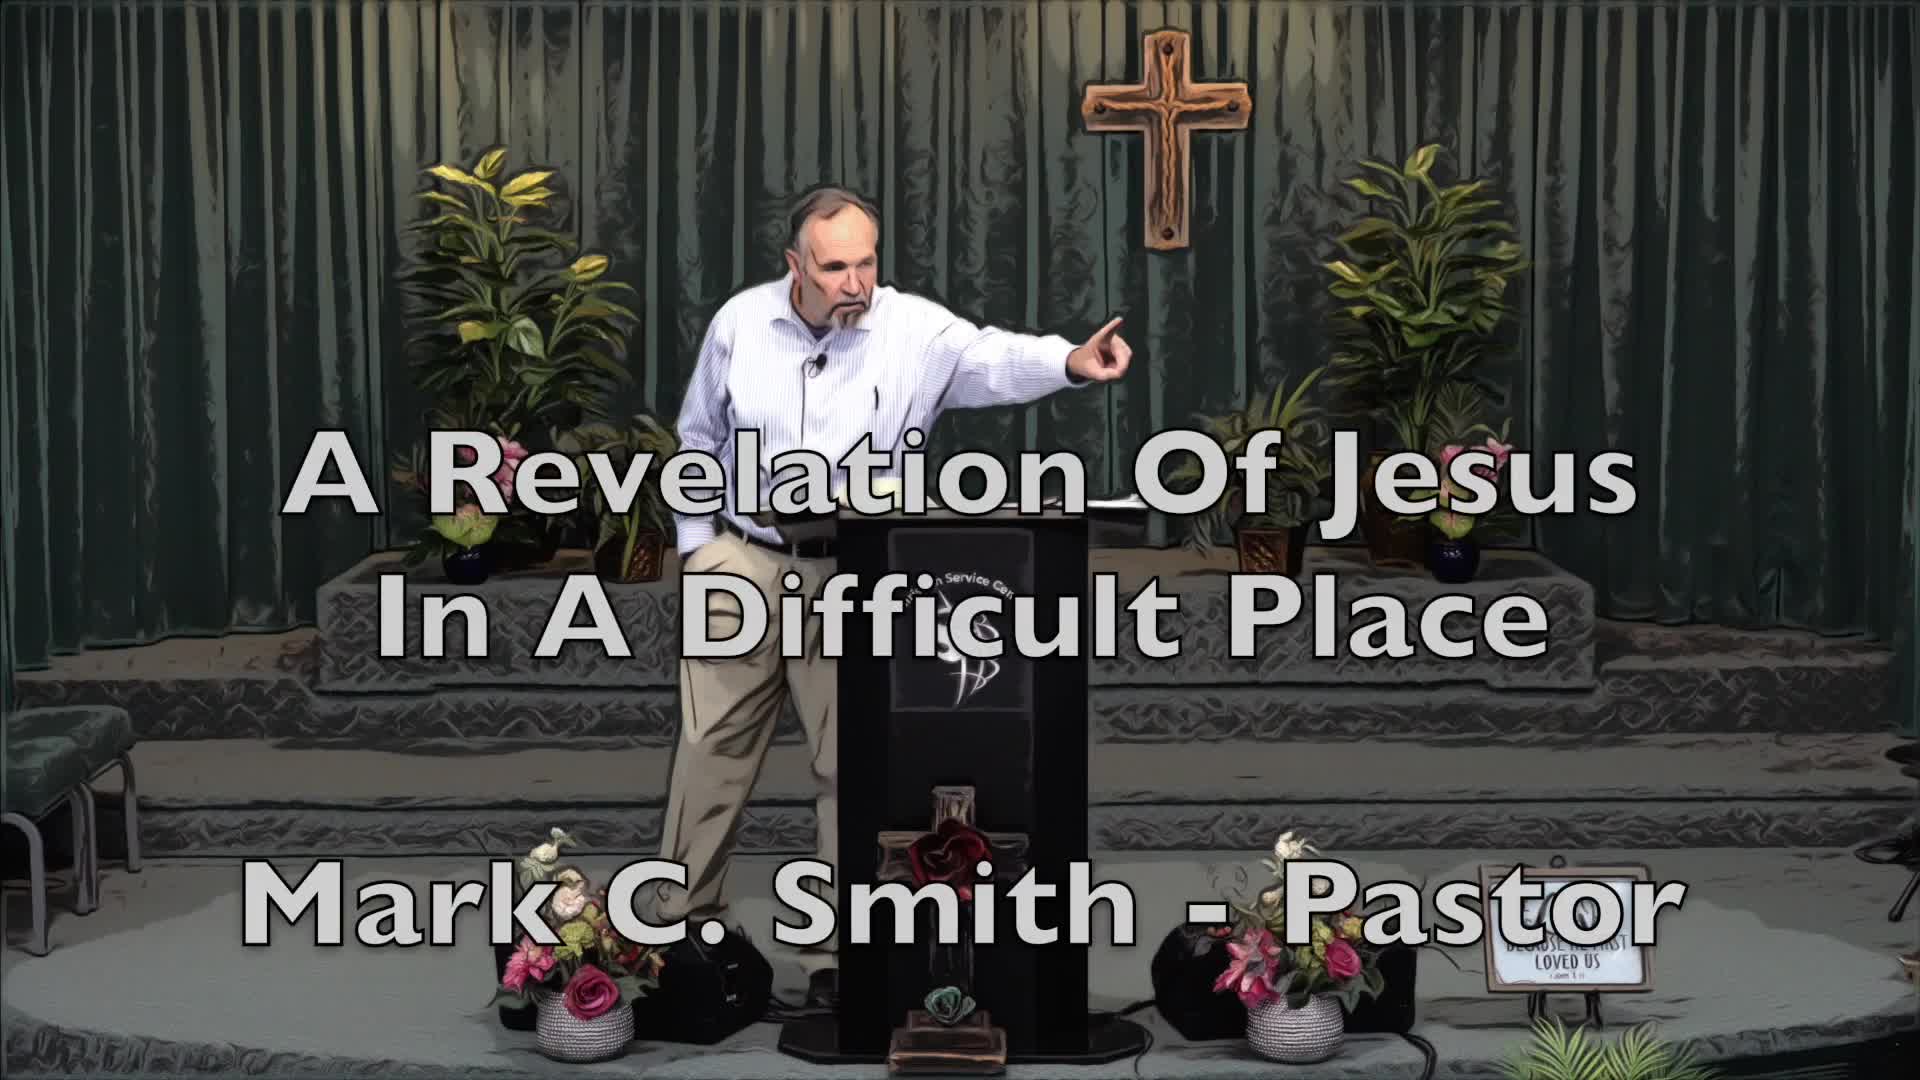 A Revelation of Jesus in a Difficult Place
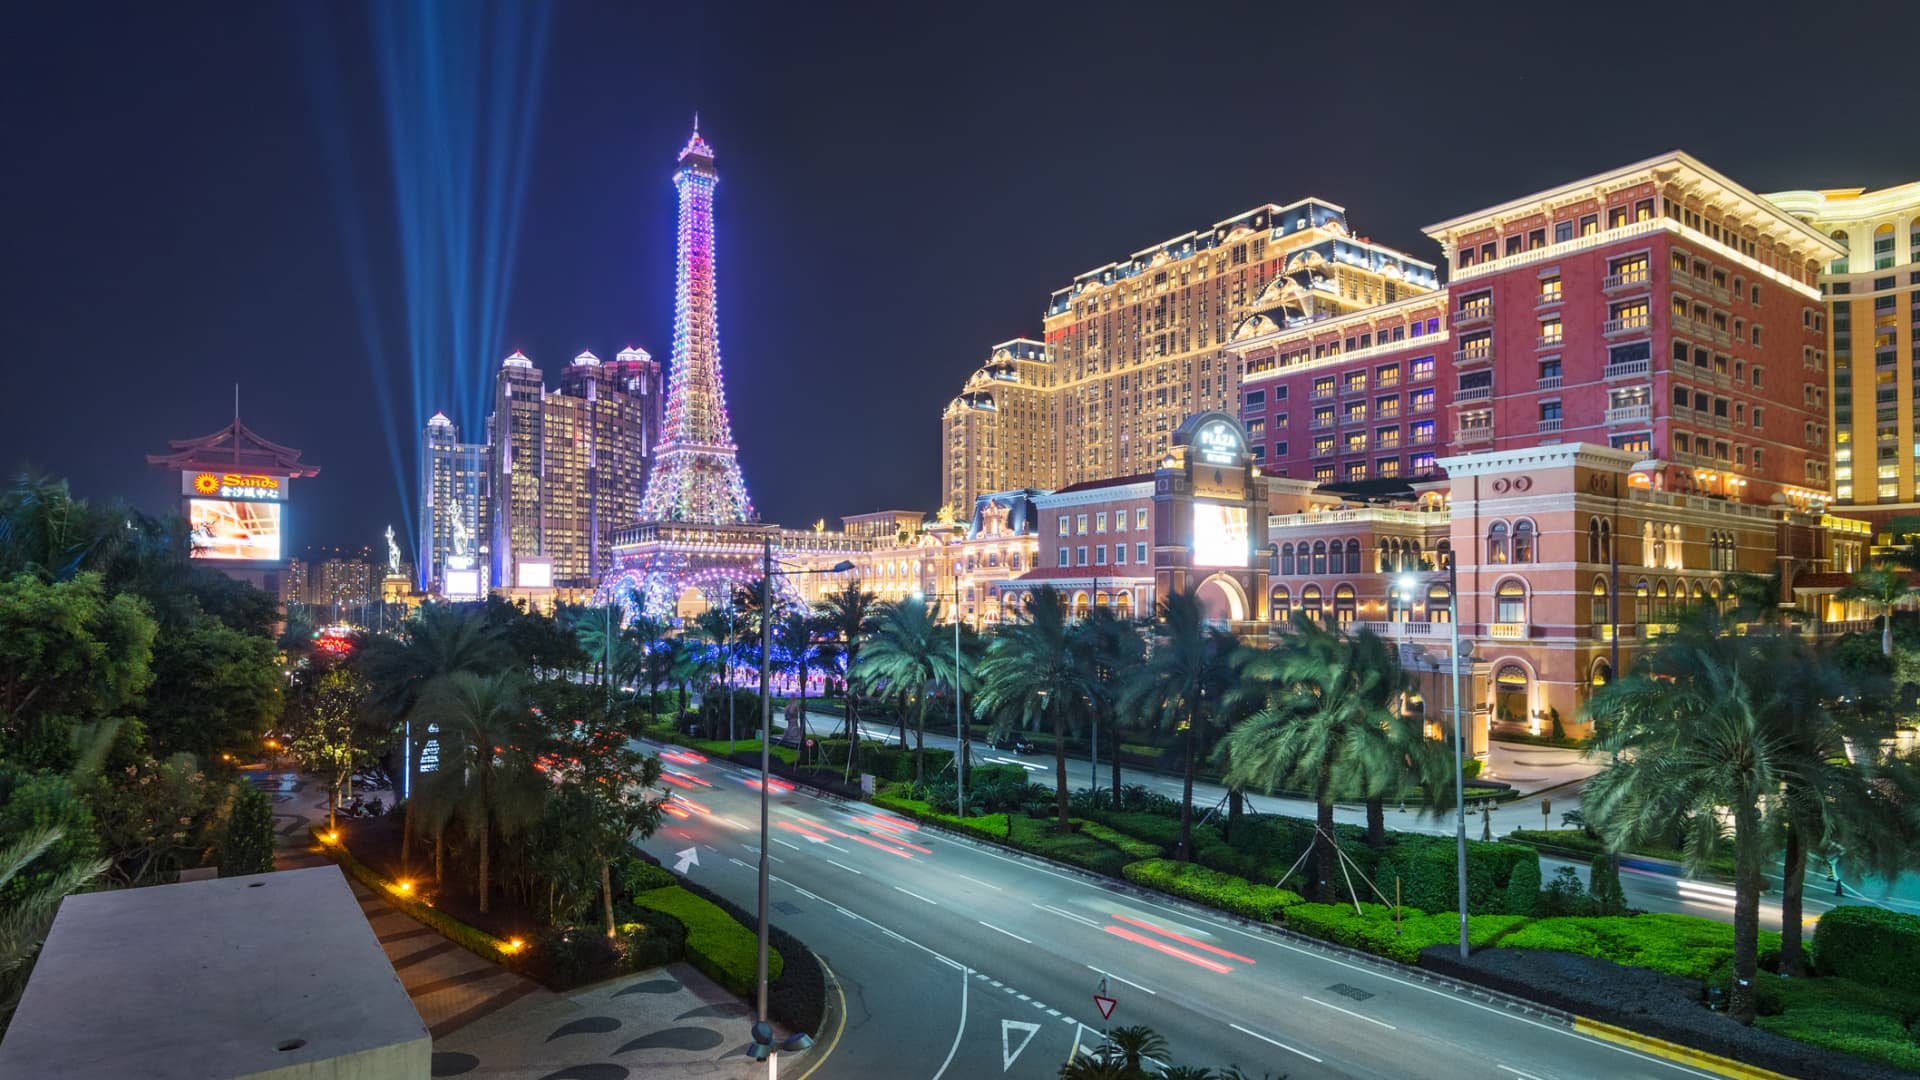 The Cotai Strip is located on the island of Cotai, a portmanteau reflecting the reclamation project that joined the two Macao islands of Coloane and Taipa in 2005.
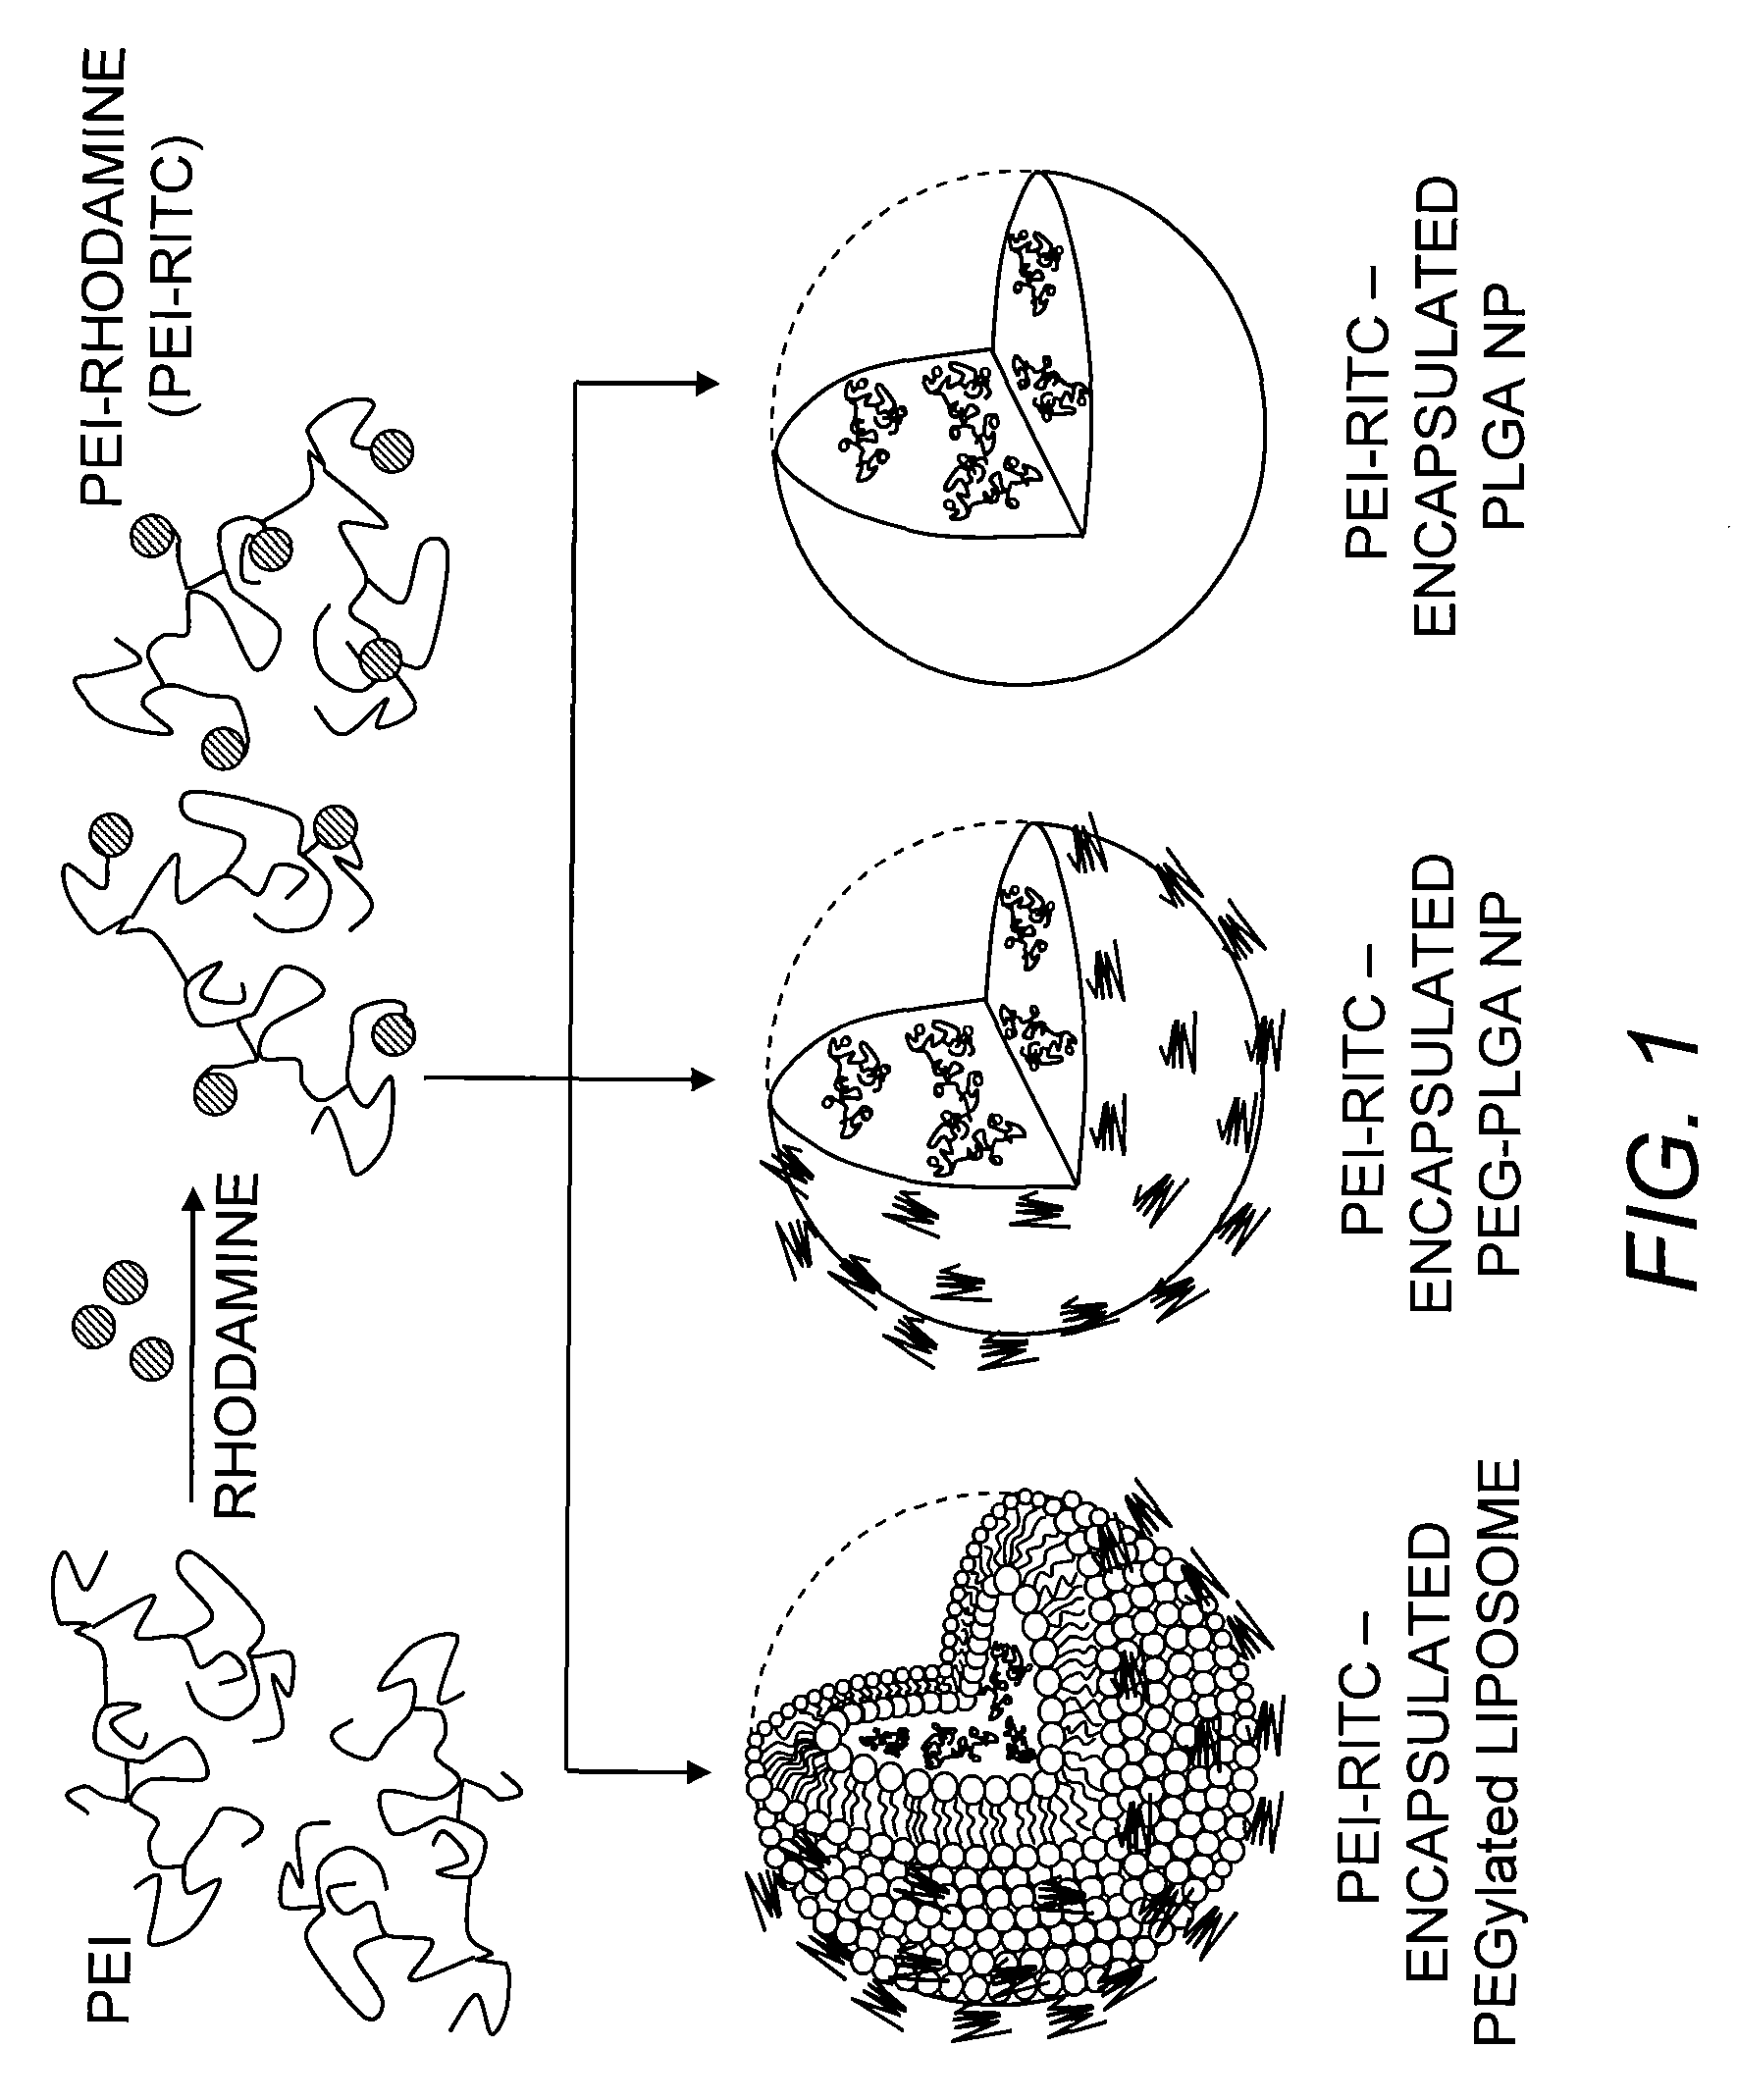 Nano-hybrid delivery system for sequential utilization of passive and active targeting

# DIRECTIONS FOR THIS TASK
Please return the lines from the line with "The Cotai Strip" through the last line of the data, both included, exactly, and without pictures.

# WRITTEN SOLUTION
 The Cotai Strip is located on the island of Cotai, a portmanteau reflecting the reclamation project that joined the two Macao islands of Coloane and Taipa in 2005.
 Nano-hybrid delivery system for sequential utilization of passive and active targeting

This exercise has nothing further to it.